Cass. com., 4 décembre 2001, n° 98-17.584

COUR DE CASSATION

Arrêt

Cassation

PARTIES

Demandeur :

Société Ouest (SARL)

Défendeur :

Rudolf Veldhoven BV (SARL), North sea fashion BV (SARL)

COMPOSITION DE LA JURIDICTION

Président :

M. Dumas

Conseiller Rapporteur :

M. Métivet

Avocat général :

M. Jobard

Conseiller :

Mme Favre

Avocats :

Me Spinosi, SCP Piwnica, Molinié.

T. com.
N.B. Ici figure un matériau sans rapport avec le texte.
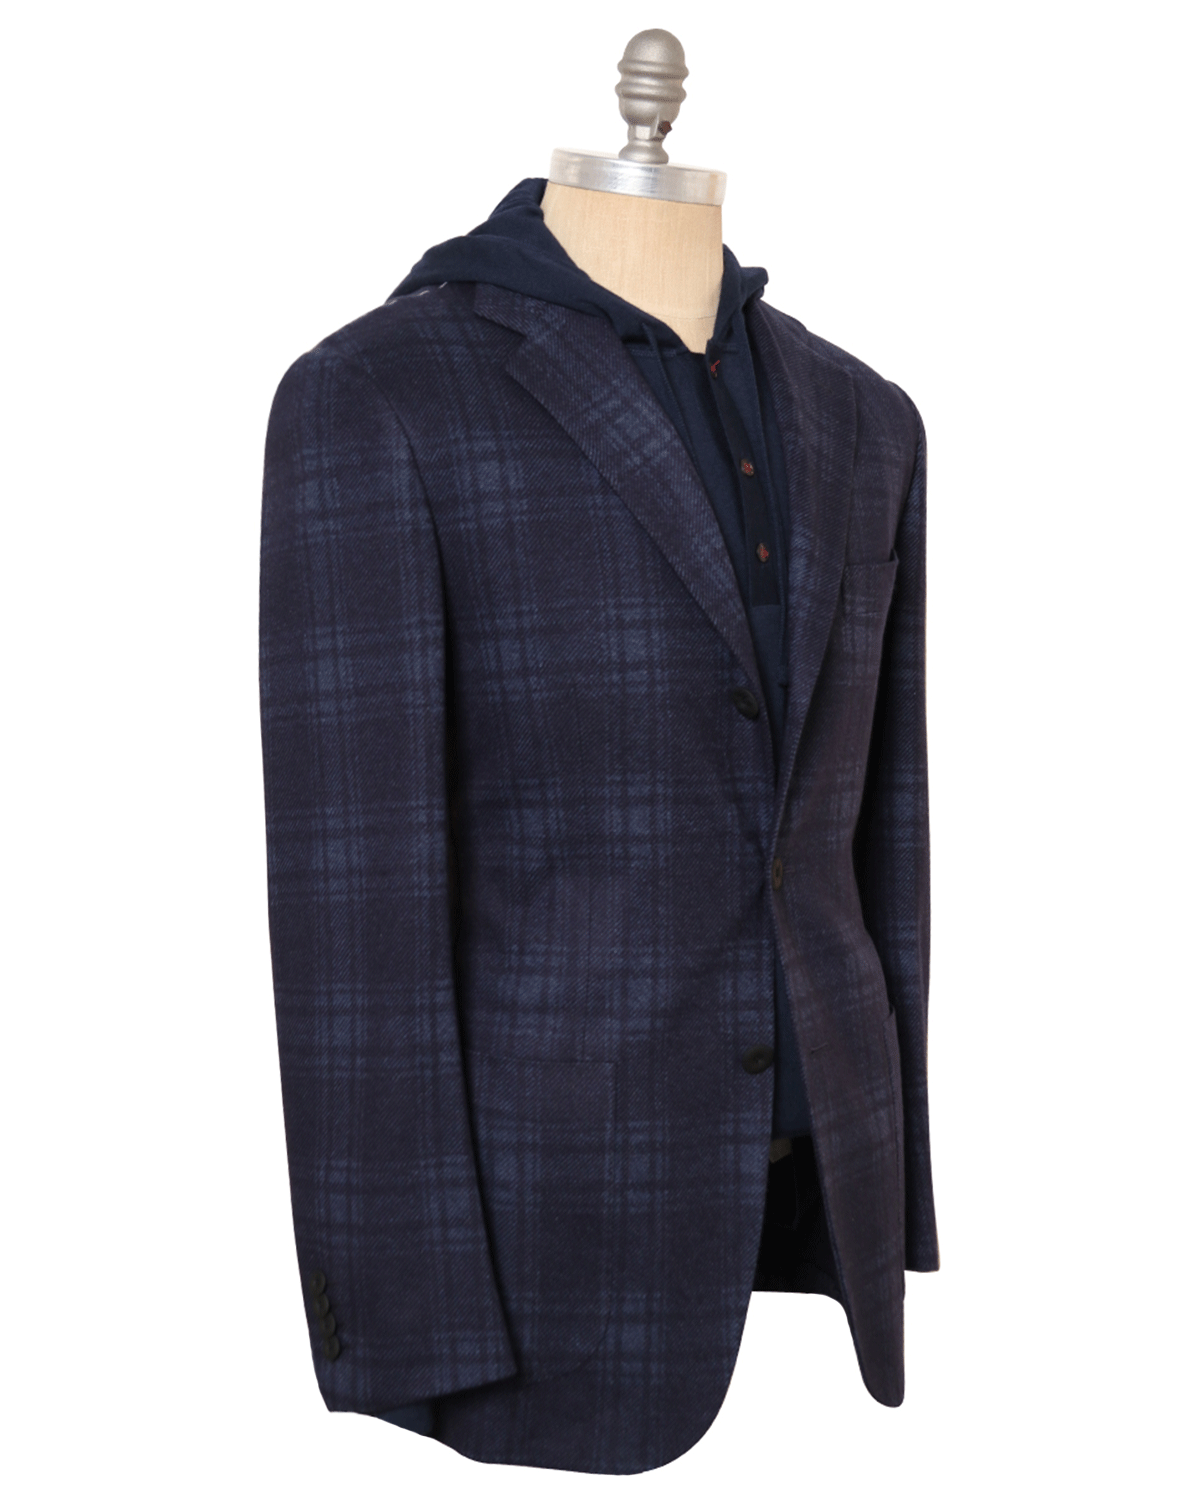 Blue and Light Blue Plaid Sportcoat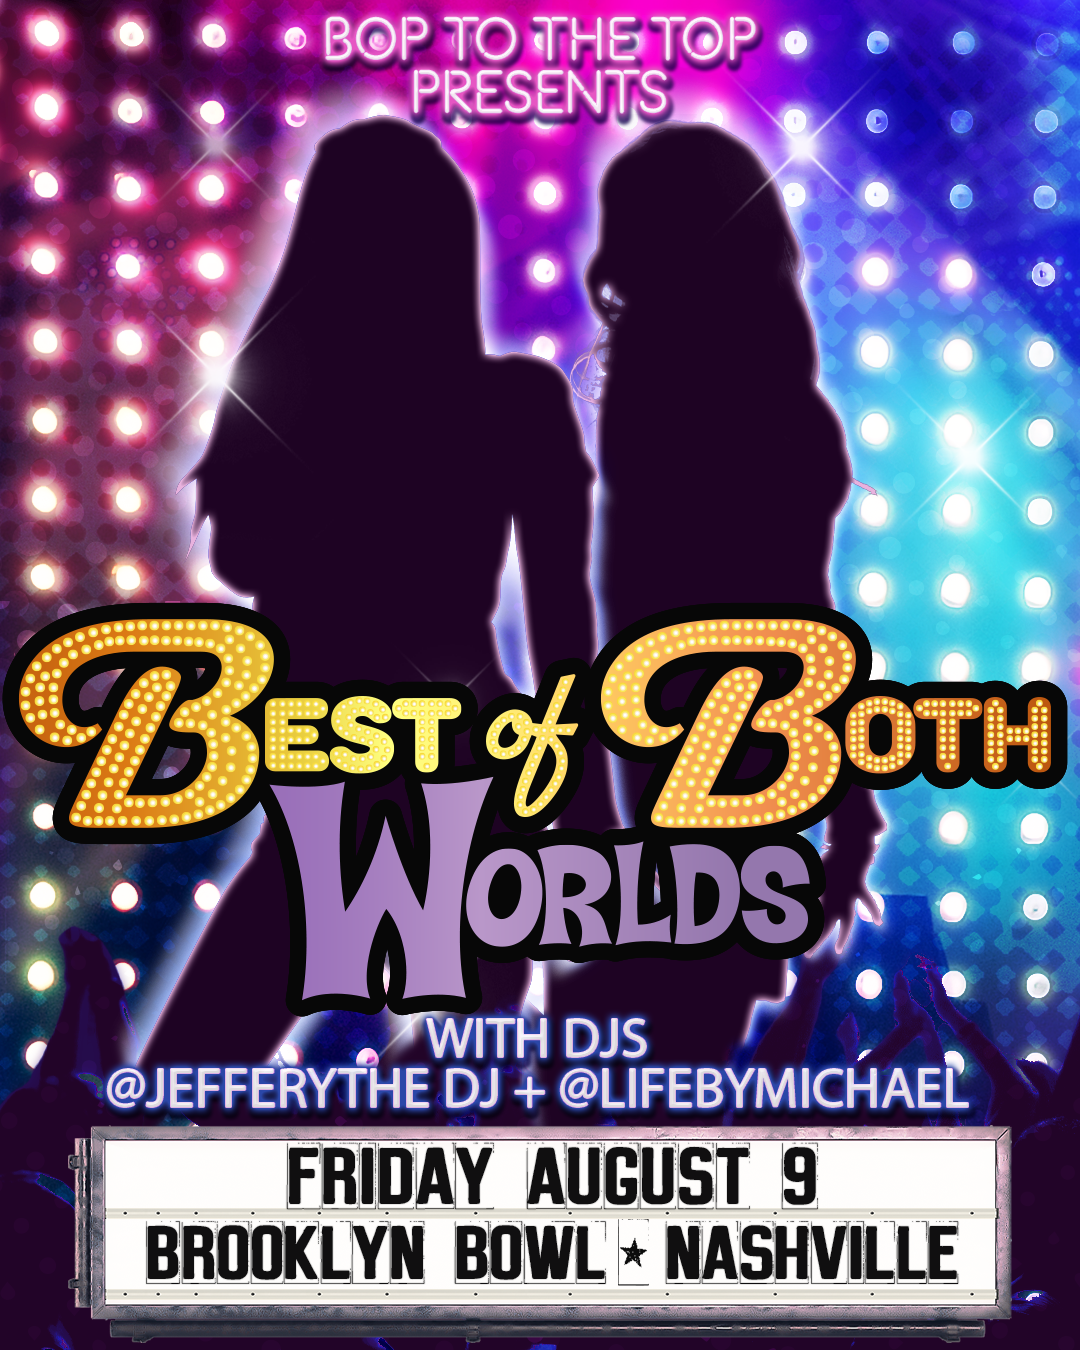 Bop to the Top Presents: Best of Both Worlds

Nanterre, du 3 févr. 1995

3 février 1995

LA COUR : - Sur le premier moyen : Vu les articles 1134, 1832 et 1873 du Code civil ; - Attendu, selon l'arrêt attaqué (Versailles, 26 mars 1998), que la société Ouest et la société Rudolph Veldhoven BV ont établi, au mois de juillet 1991, le projet de deux contrats en vue de la création, entre le 15 février et le 1er mars 1992, d'une filiale commune, la société United Clothing France, qui serait distributeur exclusif pour la France des marques exploitées par le groupe Rudolph Veldhoven ; que, dans l'attente de cette création, la commercialisation de la collection printemps-été 1992 a été effectuée par la société Ouest avec une participation financière de la société Rudolph Veldhoven ; que le 18 novembre 1991 cette dernière a avisé la société Ouest qu'elle mettait fin à leur relation à compter du 31 décembre 1991; que celle-ci l'a assignée en paiement de dommages-intérêts pour rupture abusive de la société créée de fait ayant existé entre elles et pour concurrence déloyale, lui reprochant d'avoir démarché sa clientèle en utilisant le fichier client détourné par son chef des ventes engagé dès le mois de novembre 1991 par la société United Clothing France; que la cour d'appel a rejeté la première de ces demandes ;

Attendu que pour statuer ainsi, l'arrêt retient que l'intention des parties était de constituer à l'avenir une "société de droit", ce qui impliquait nécessairement qu'elles n'entendaient pas se considérer comme associés de fait et que la distribution par la société Ouest de la collection printemps-été 1992 de la société Rudolph Veldhoven, pour le compte de la société en formation, ne présentait qu'un caractère temporaire et limité dans le temps, ce qui interdisait d'assimiler cet accord à une société créée de fait ;

Attendu qu'en se déterminant par de tels motifs impropres à écarter l'existence d'une société créée de fait, dès lors qu'il résultait de ses constatations que l'activité développée par les parties dépassait l'accomplissement des simples actes nécessaires à la constitution de la société United Clothing France en formation, sans rechercher si les éléments constitutifs d'une telle société étaient ou non réunis, la cour d'appel n'a pas donné de base légale à sa décision ;

Et sur le second moyen, pris en sa seconde branche : - Vu l'article 1382 du Code civil : - Attendu que pour rejeter les demandes formées par la société Ouest à raison des fautes qu'elle imputait à la société Rudolph Veldhoven dans la conduite des pourparlers et dans leur rupture, l'arrêt retient qu'il n'est pas établi que cette dernière n'avait jamais envisagé sérieusement une collaboration loyale entre les deux sociétés ;

Attendu qu'en statuant ainsi, alors qu'elle avait constaté la concomitance entre la rupture des pourparlers par la société Rudolph Veldhoven et les faits qu'elle a retenus comme constitutifs à sa charge de concurrence déloyale, la cour d'appel n'a pas tiré les conséquences légales de ses propres constatations;

Par ces motifs, Casse et annule, mais seulement en ce qu'il a rejeté les demandes de la société Ouest en ce qu'elles sont fondées sur la rupture d'une société créée de fait, l'arrêt rendu le 26 mars 1998, entre les parties, par la cour d'appel de Versailles ; remet, en conséquence, quant à ce, la cause et les parties dans l'état où elles se trouvaient avant ledit arrêt et, pour être fait droit, les renvoie devant la cour d'appel de Paris.